• **Dataset content**:
------------
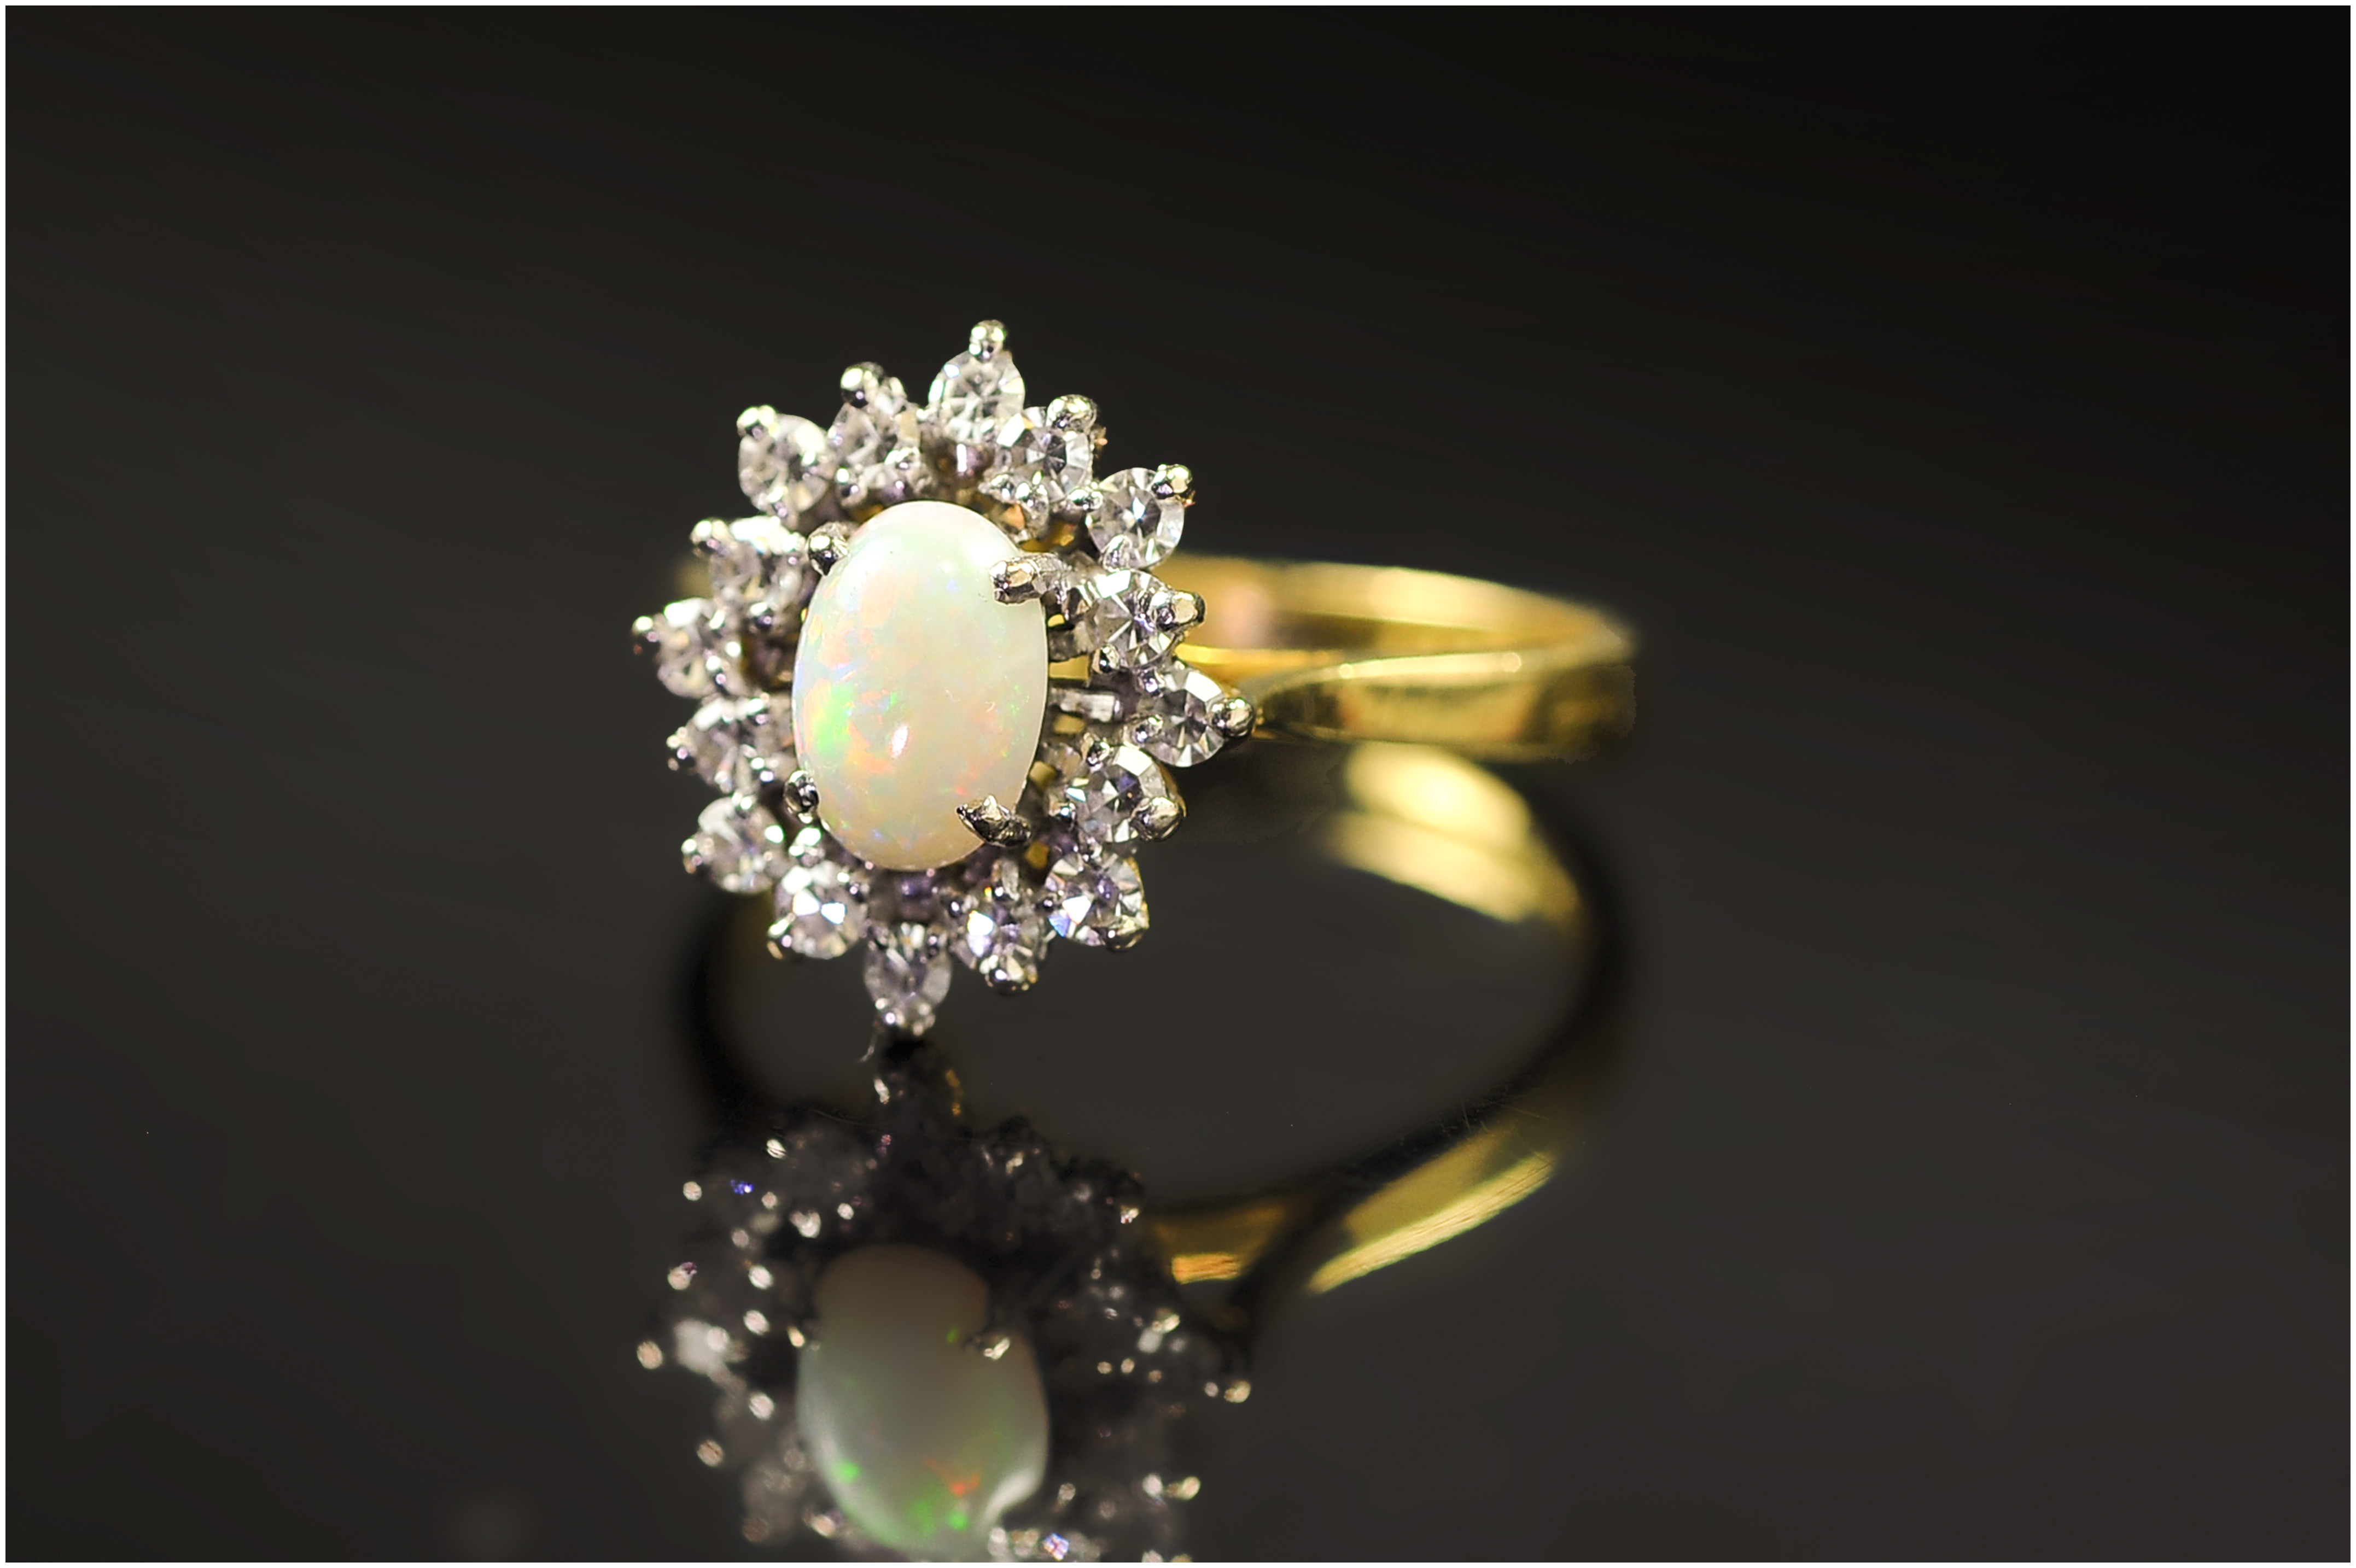 18ct Gold Diamond Dress Ring, Set With A Central Opal Surrounded By Round Cut Diamonds, Fully - Image 2 of 5
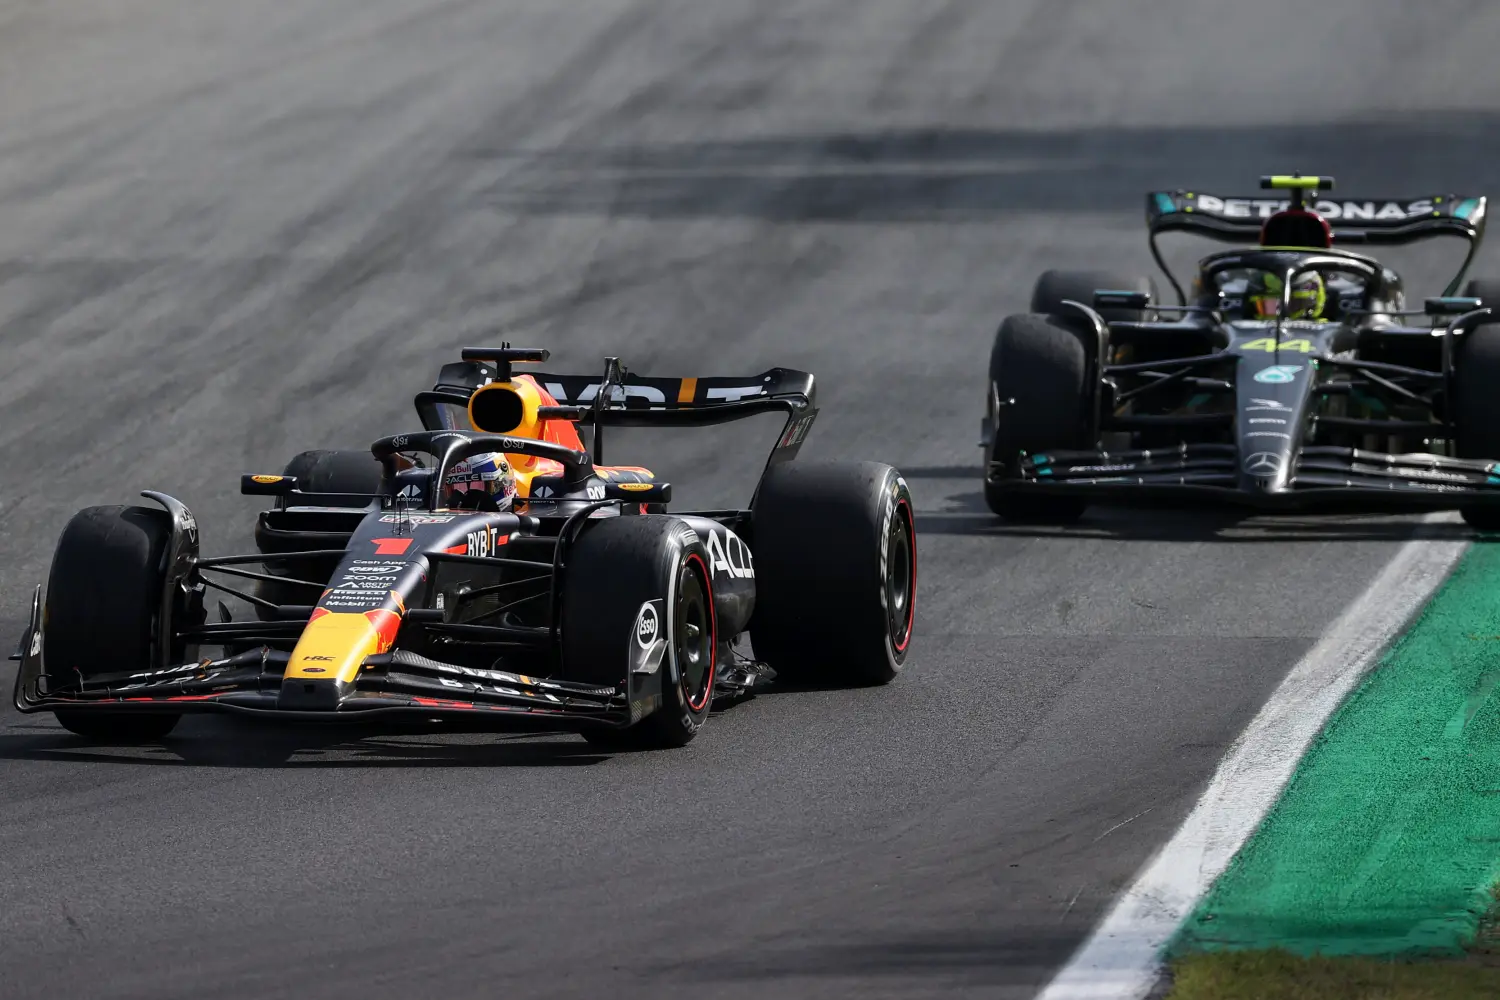 Max Verstappen i Lewis Hamilton / © Getty Images / Red Bull Content Pool
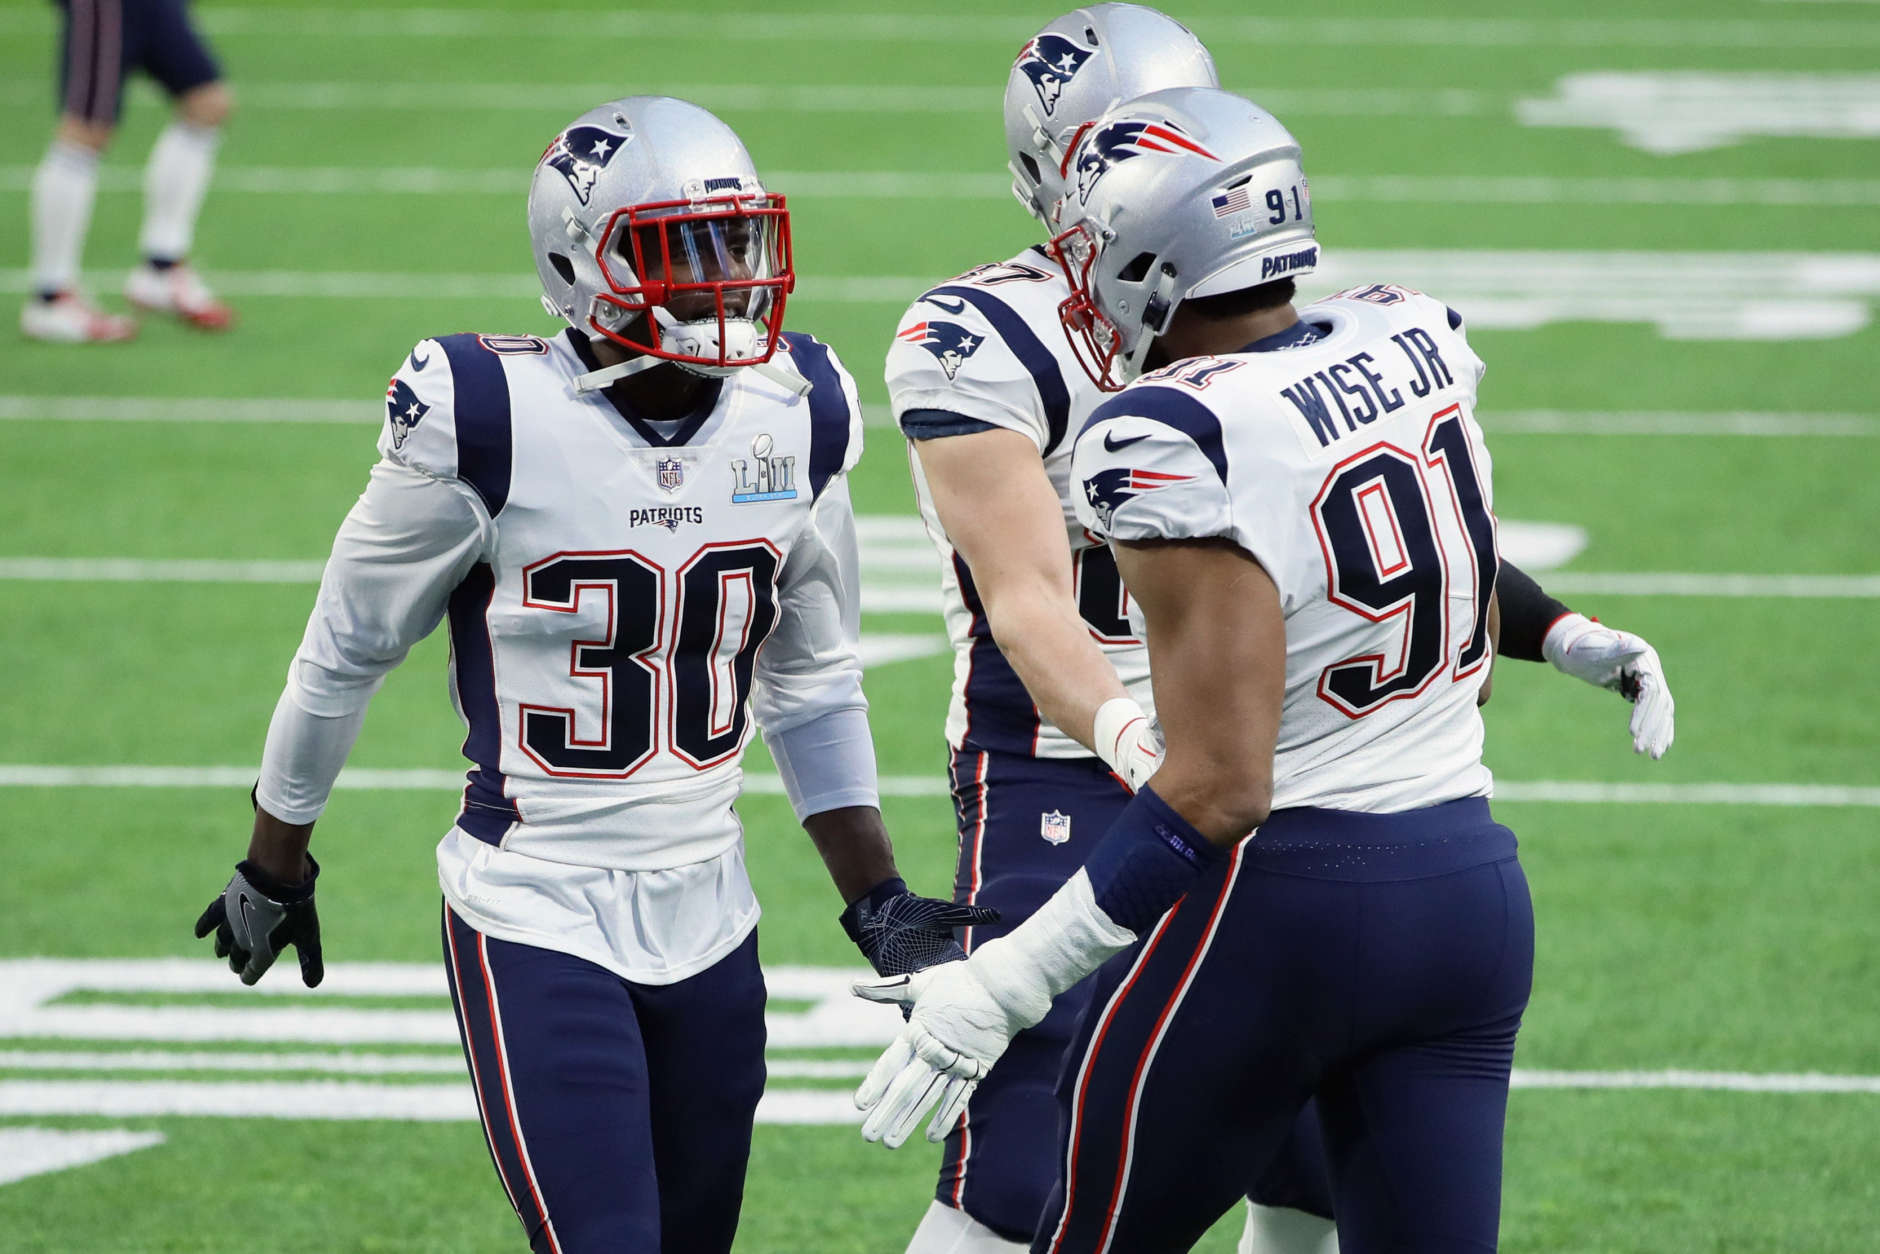 MINNEAPOLIS, MN - FEBRUARY 04:  Duron Harmon #30, Rob Gronkowski #87 and Deatrich Wise #91 of the New England Patriots warm up prior to Super Bowl LII against the Philadelphia Eagles at U.S. Bank Stadium on February 4, 2018 in Minneapolis, Minnesota.  (Photo by Jonathan Daniel/Getty Images)
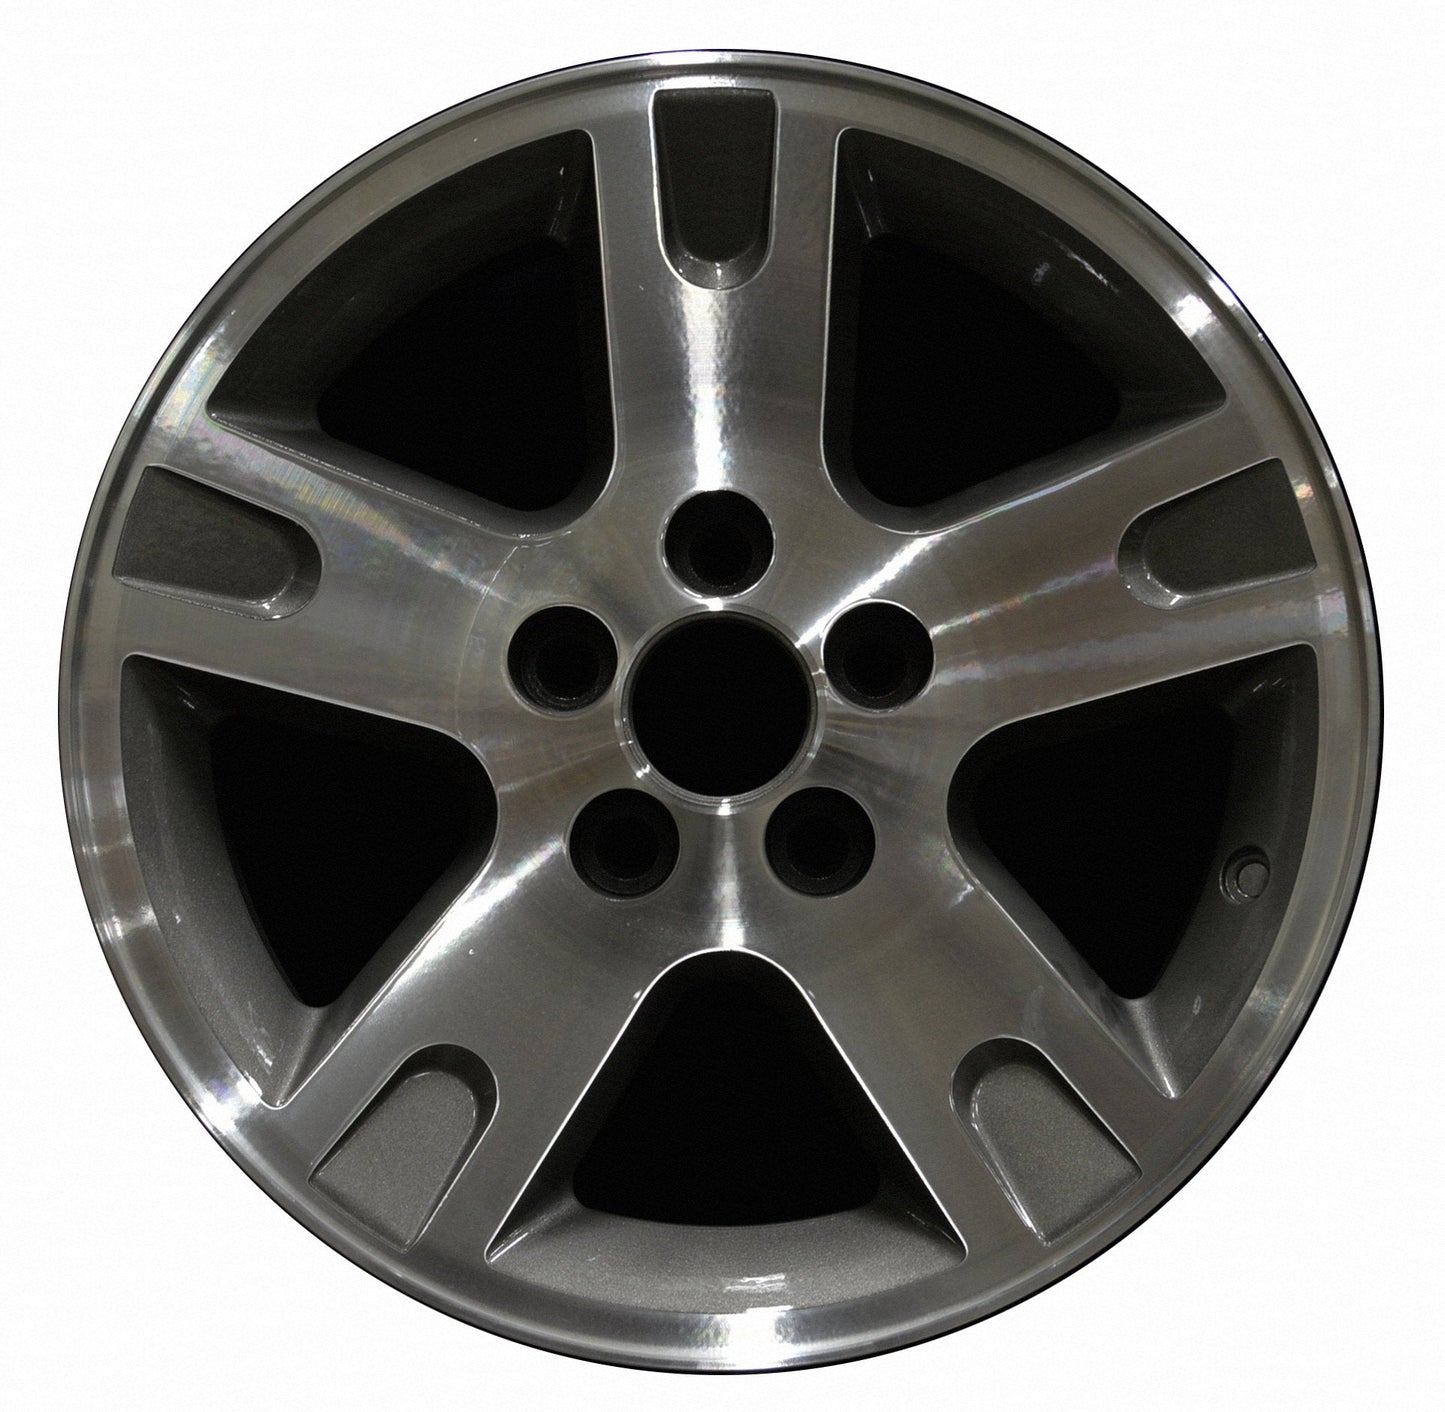 Ford Ranger  2002, 2003, 2004, 2005, 2006, 2007, 2008, 2009, 2010, 2011 Factory OEM Car Wheel Size 16x7 Alloy WAO.3463.PC03.MA
------------
• **Work to be completed**: Transcribe, without alteration, each line from the one with "MINNEAPOLIS, MN - FEBRUARY" through the last line of the data; no pictures belong in the copy.

• **Solution for this exercise**:
 MINNEAPOLIS, MN - FEBRUARY 04:  Duron Harmon #30, Rob Gronkowski #87 and Deatrich Wise #91 of the New England Patriots warm up prior to Super Bowl LII against the Philadelphia Eagles at U.S. Bank Stadium on February 4, 2018 in Minneapolis, Minnesota.  (Photo by Jonathan Daniel/Getty Images)
 Ford Ranger  2002, 2003, 2004, 2005, 2006, 2007, 2008, 2009, 2010, 2011 Factory OEM Car Wheel Size 16x7 Alloy WAO.3463.PC03.MA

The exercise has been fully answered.